- [Action item]:
Reproduce all of the data exactly. Images are not to appear in the reply.

- [Recorded data]:
▬▬▬▬▬▬
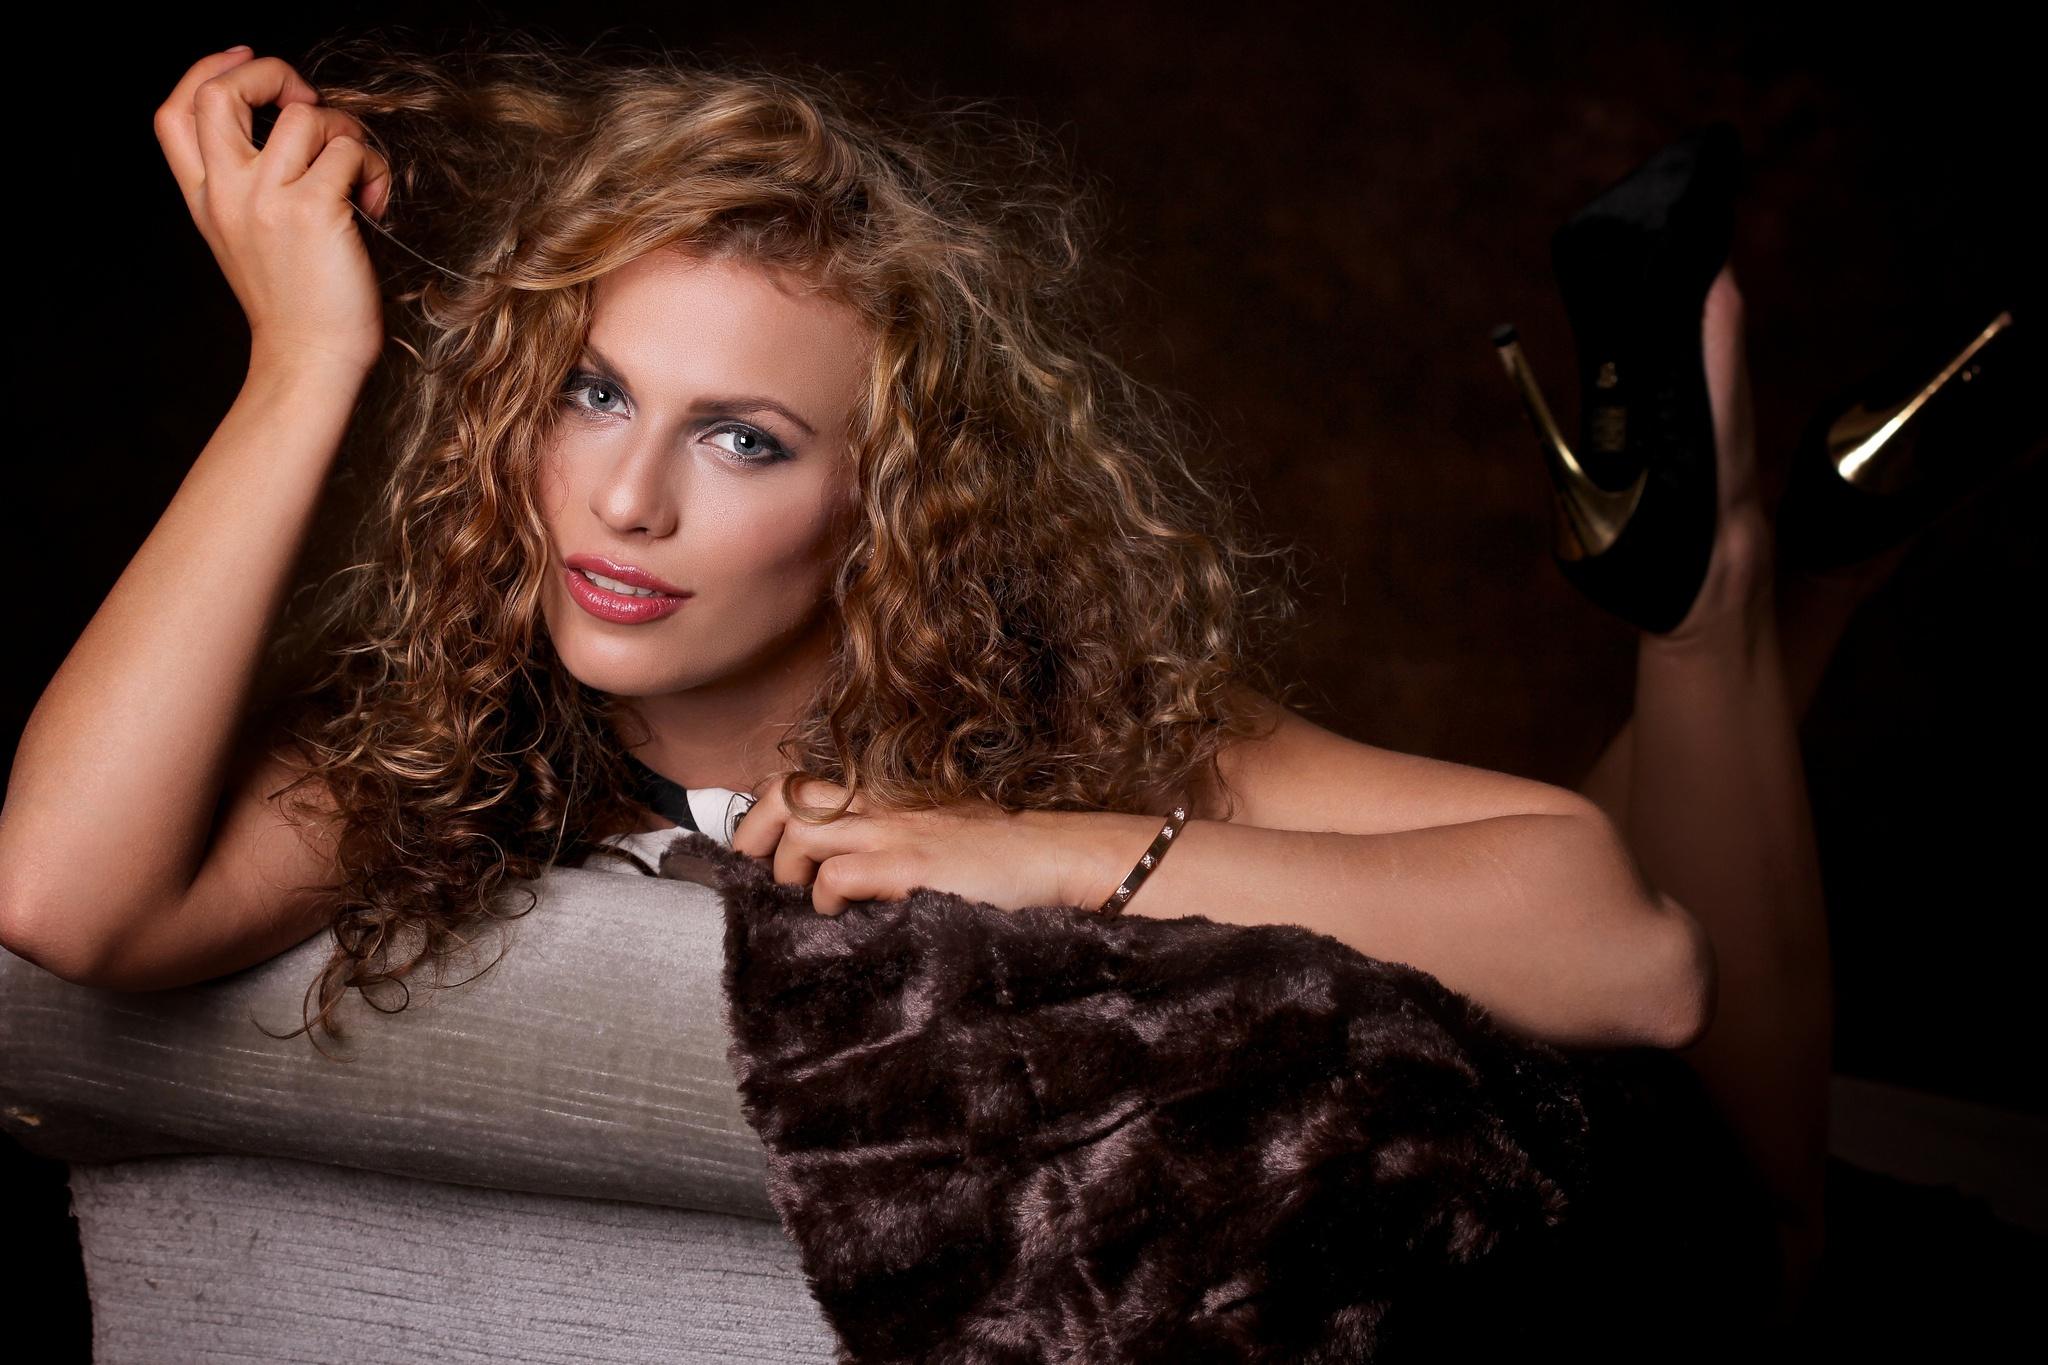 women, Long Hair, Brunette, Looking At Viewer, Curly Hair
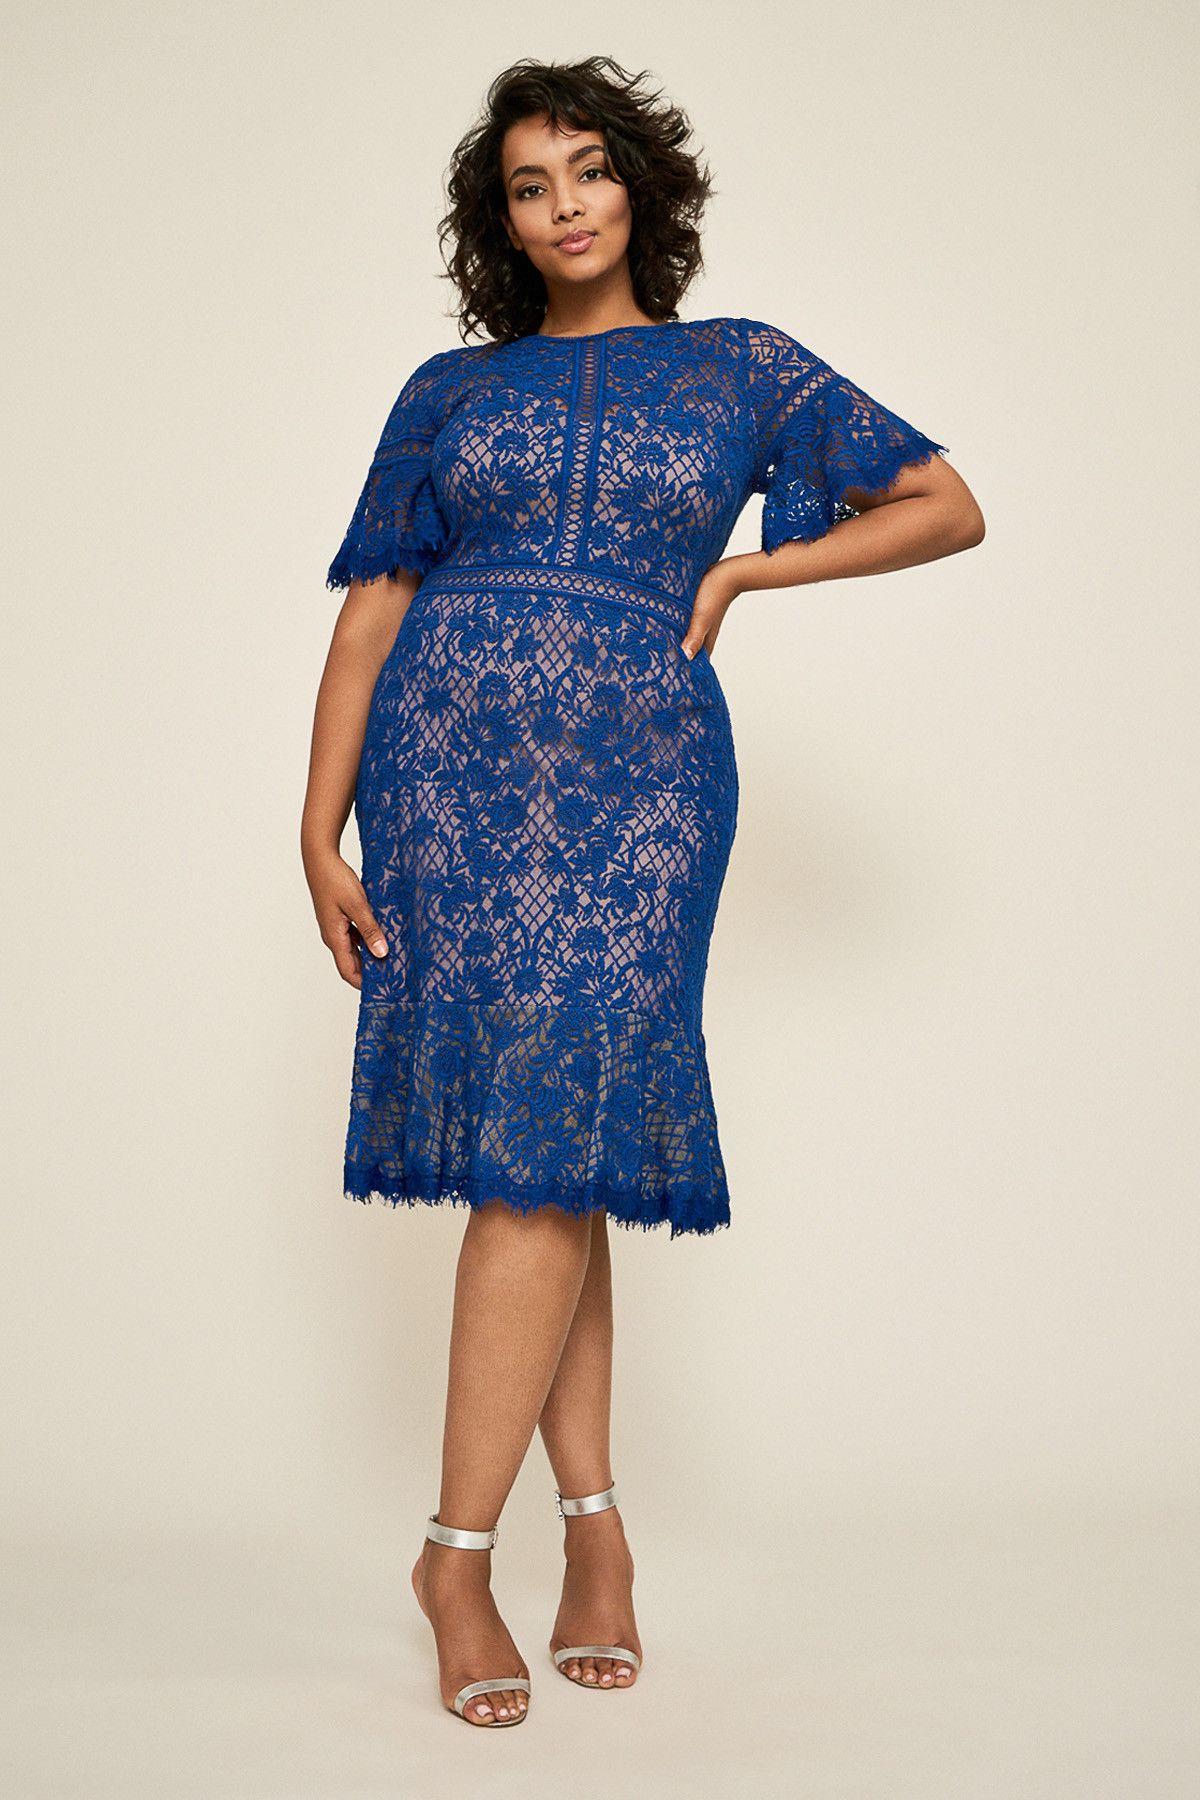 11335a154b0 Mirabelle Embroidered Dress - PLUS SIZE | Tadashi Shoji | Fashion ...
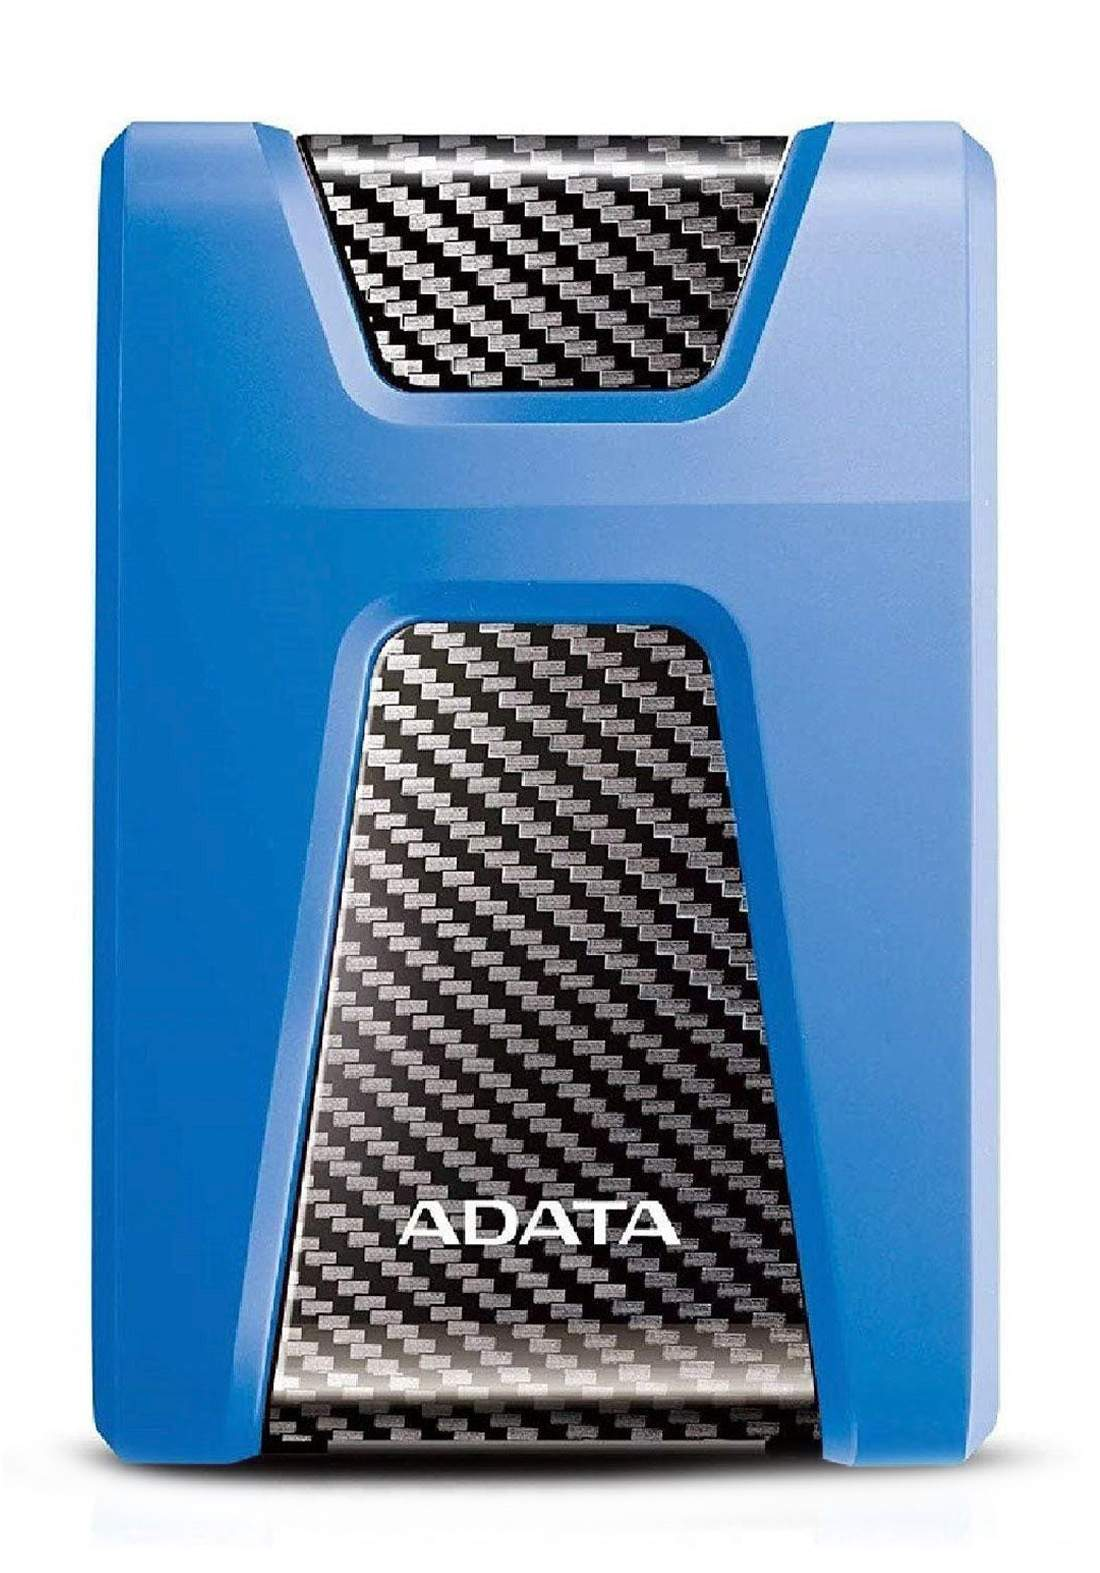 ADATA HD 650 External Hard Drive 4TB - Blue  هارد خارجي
▬▬▬▬▬▬
- [Output for this exercise]:
 women, Long Hair, Brunette, Looking At Viewer, Curly Hair
 11335a154b0 Mirabelle Embroidered Dress - PLUS SIZE | Tadashi Shoji | Fashion ...
 ADATA HD 650 External Hard Drive 4TB - Blue  هارد خارجي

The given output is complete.